Atordoado, saiu pelas ruas em busca de perguntas, porque as respostas contidas no volume de “O caminho” já lhe enchiam a cabeça o suficiente.
Esquecer o que fora lido também não era solução, afinal, o conhecimento mostrava-se como sendo um caminho sem volta. Por mais que se esforçasse, a verdade, que tão facilmente fora absorvida, simplesmente não lhe deixava as sinapses nervosas e tomava de assalto todo e qualquer outro pensamento: ele já não conseguia pensar em outra coisa que não o Fato.
Agora, não se tratava mais de um simples problema de separação do joio e do trigo. Ele precisava separar o álcool da água, o açúcar do leite, o amor do ódio.
Pensamento e verdade haviam se fundido de tal maneira que era inútil sua vontade de esquecer: porque quanto mais se esquecia, mais lembrava.
Por outro lado, se abandonar seu problema não era possível, impossível também era a convivência com essa clareza, que de nada lhe servia, mas que lhe assombrava de tal maneira com a qual era impossível de lidar.
Lúcio, então, foi tomado de uma certa inveja dos transeuntes que passavam a seu lado, alheios da verdade e, portanto, do seu grande problema. Eles simplesmente ignoravam-na e, assim, viviam felizes no seu torpor diário, nos caminhos retilíneos das suas rotinas.
Até que, por um breve e abençoado instante, ele foi quase atropelado por uma jovem de aspecto austero, que pedalava uma bicicleta com admirável leveza e tranqüilidade. Após uma gama de xingamentos, ambos seguiram seus caminhos, como se nunca tivessem se encontrado antes.
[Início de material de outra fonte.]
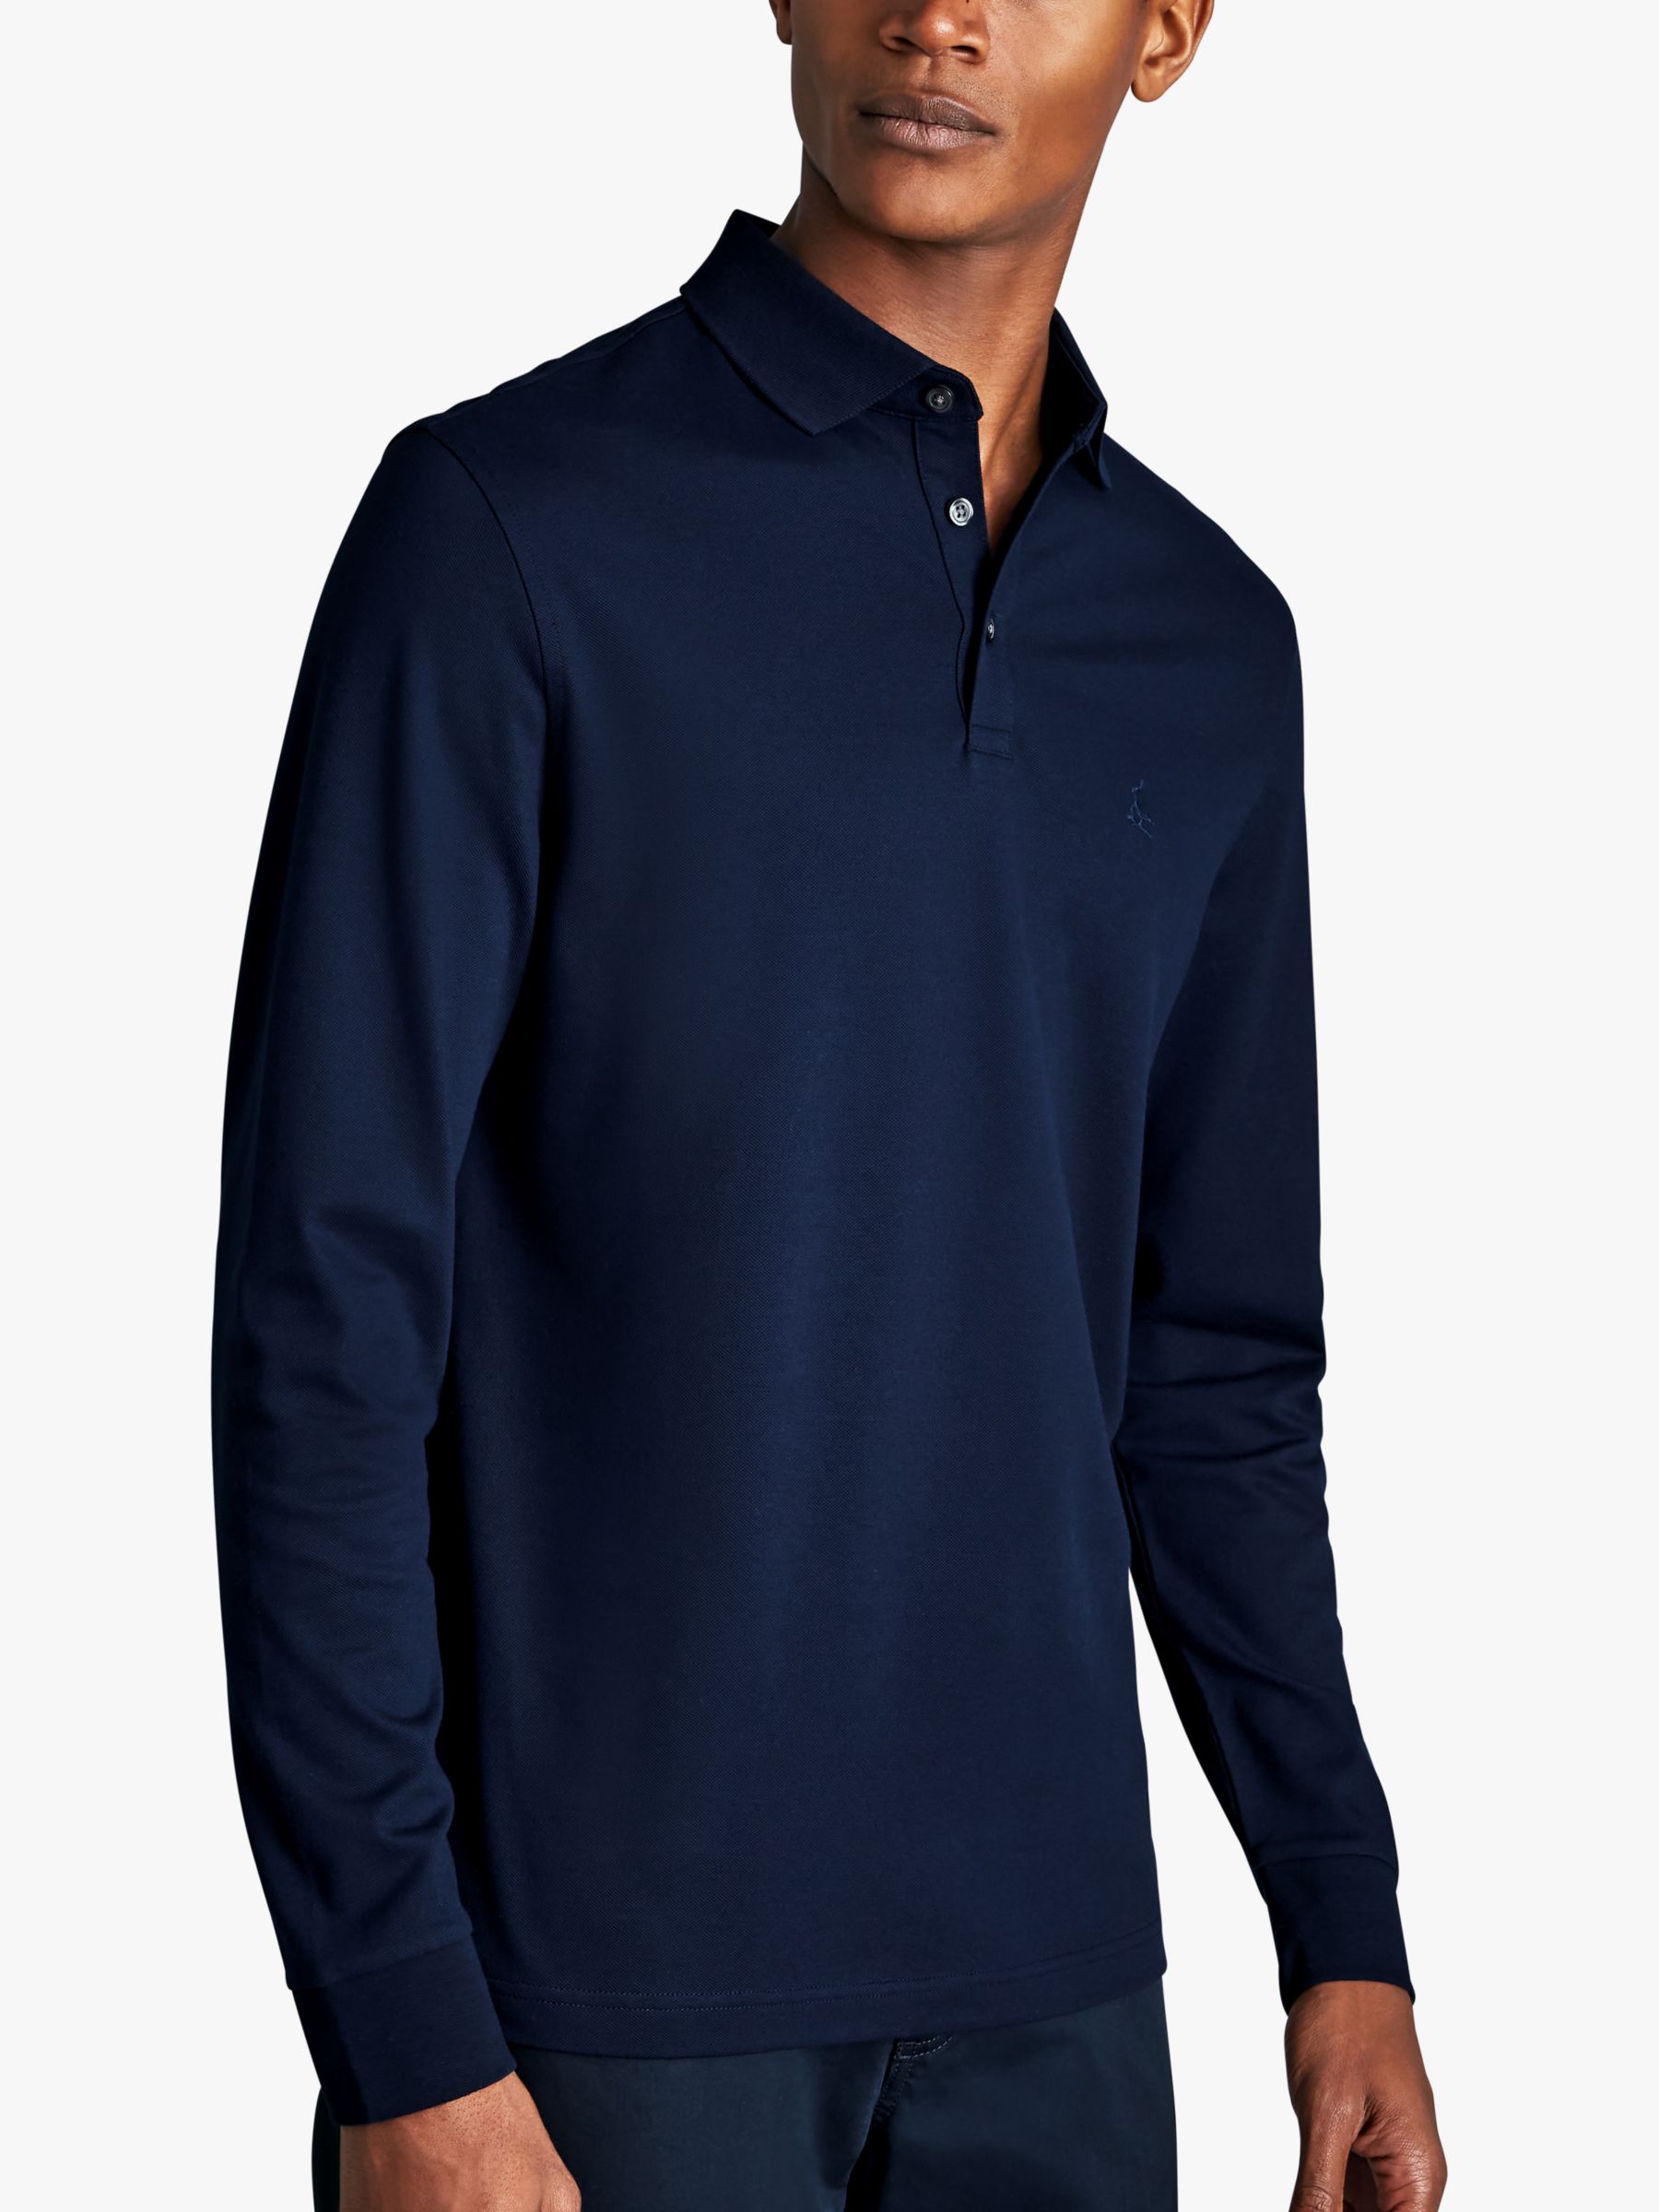 long-sleeved polo shirt

Foi quando lhe veio pergunta crucial (afinal, como já foi dito, de respostas, Lúcio já estava pleno): seria morrer a solução? Se seu assombro de vida se encontrava no pensamento, na luz, não haveria solução mais racional que parar os pensamentos. E que maneira seria mais elegante e eficiente que a morte? Apesar de dolorosa, a suposta dor da morte não seria pior que a dificuldade em se viver com a verdade e com a inveja ácida dos que simplesmente conseguiam viver normalmente por ignorá-la.
Lúcio até teria se matado, se houvesse se decidido por alguma forma de morte antes de passar em frente a uma birosca suja e mal iluminada, cujas únicas fontes de luz eram uma lâmpada fraca e uma televisão, na qual era exibido um jogo de futebol.
Para sua sorte – e para que ele continuasse vivendo – enquanto ele passava pelo bar com a televisão sem notá-lo, Cecil Théodore, francês, marcava um gol pelo time local, sendo um causador de gritos vivazes. O que, abençoado seja o fato, lhe fez perceber a televisão e, conseqüentemente, distrair-se com ela.
Ao término do jogo, Lúcio já não se lembrava tão bem do conteúdo do livro que, até agora, havia sido sua sina.
Infelizmente, a felicidade do esquecimento durou pouco para o rapaz, que logo se viu de volta com a verdade na mente.
Porém, a lucidez suprema lhe veio e, de súbito, ele compreendeu tudo o que era necessário para que o problema fosse resolvido sem que ele se sacrificasse para tanto.
Tomou um ônibus para casa – sorte a dele, morar relativamente perto do local onde já se encontrava – e, ao chegar, atirou-se no sofá como quem necessita de um sopro de vida e ligou a tevê, agora exibindo um novo capítulo da novela das seis.
E sobreviveu assim, nessa sobrevida.